Methinks the school administration fails to understand the power of social media. My guess is the super is also unaware of the Streisand Effect.
http://en.wikipedia.org/wiki/Streisand_effect
Ditto what Mike S said…
Johnny Cook is just another whistleblower being hung out to dry. Meet the same boos, same as the old boss. Over and out.
Mike Spindell,
“the ability of a bureaucrat to take negative actions to save face and then justify it in terms of serving “vital” regulations is unlimited”
This comment would also admirably fit in with the current dehumanizing attacks on Snowden. ….. I am starting to look at our elected Representatives as bureaucrats. Gerrymandering has turned many districts into a lifetime guaranteed job.
A lack of good judgment goes a long ways.
I suppose the bus driver can be thankful that the school district didn’t have him arrested for exposing school secrets.
“voicing concern over a child going hungry is a “substantial disruption” of his school system. ”
I would hope so. A substantial disruption should result in change to the policy or practice, the shooting of the messenger. In this case, it’s the administrator who should be fired and the bus driver should get his job back with a raise, or the bus driver should prevail in a wrongful termination lawsuit.
I have to wonder what administrators are being taught.
As a former bureaucrat I can assure you that the ability of a bureaucrat to take negative actions to save face and then justify it in terms of serving “vital” regulations is unlimited. Bureaucracy, like corporate life tends to reward the liars and the self-servers. The school district was embarrassed by the bus driver revealing the truth about their lunch program and so he needed to go.
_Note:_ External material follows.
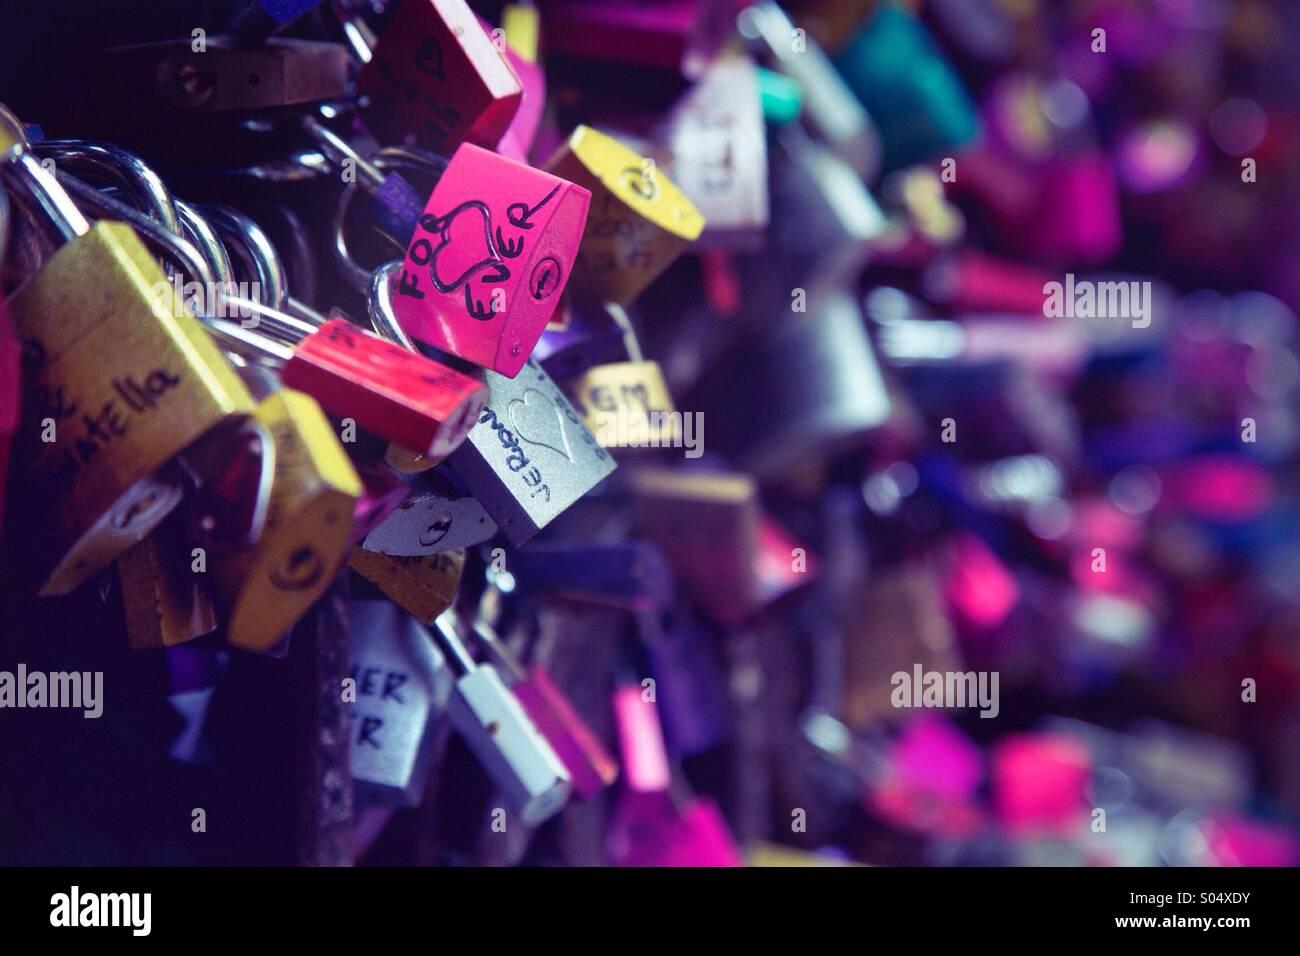 Liebesschlösser an der Wand auf dem Romeo und Julia Balkon in Verona, Italien. Stockbild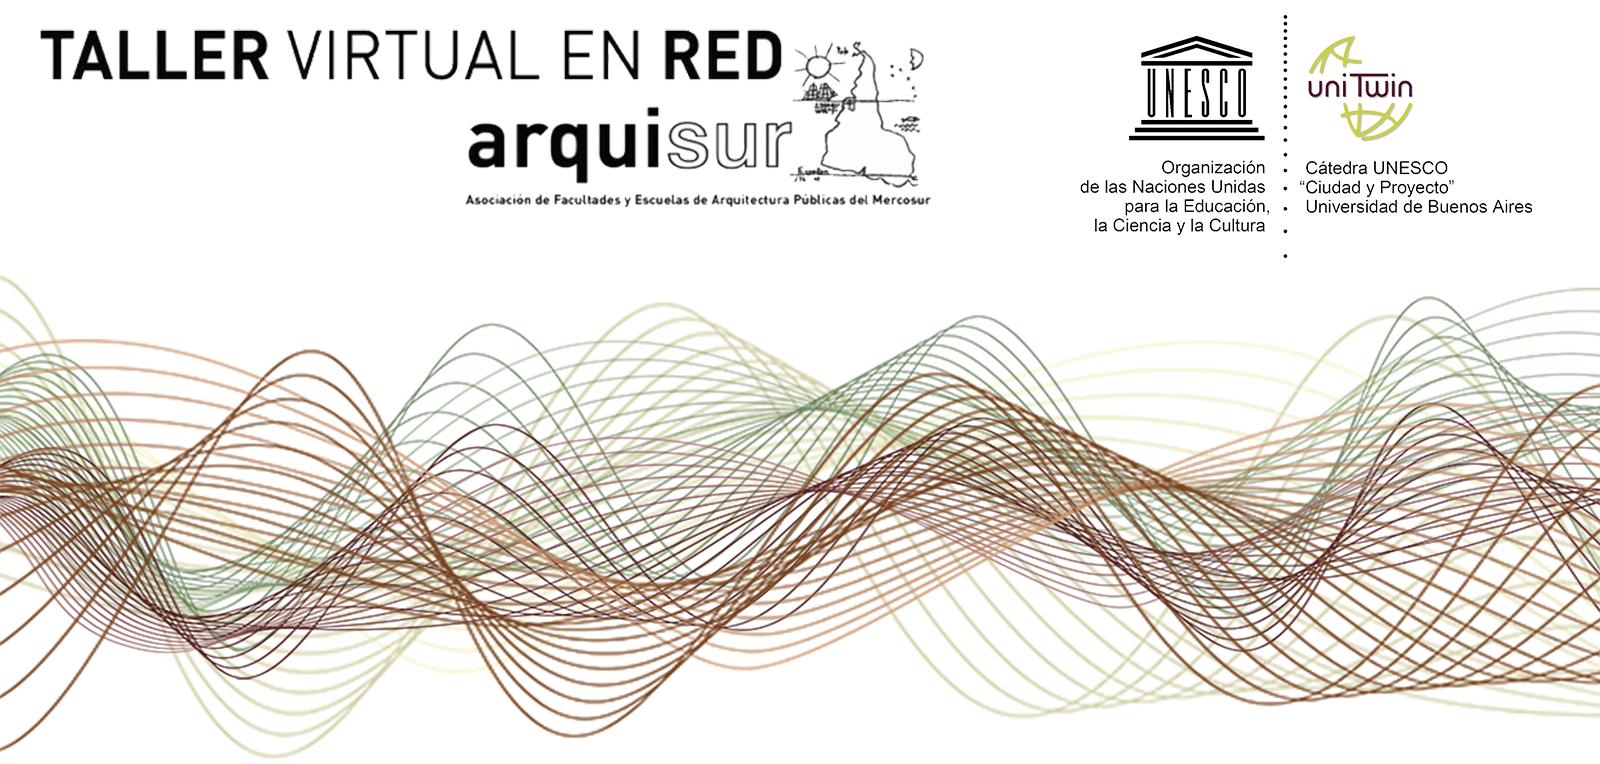 Taller Virtual en Red Arquisur 2021

Fire the super and give the bus driver his job back.
It’s the great equalizer.
Authority HATES social media, be it Iranian dictators or educational bureaucrats.
Does this Superintendent “earn” a six-figure income? lol
No ‘Good Deed’ goes unpunished………….
The school’s claim of substantial disruption is baseless. I can not see any reason for the dismissal other than it was retaliation for an employee who exposed something the school administration considered embarassing.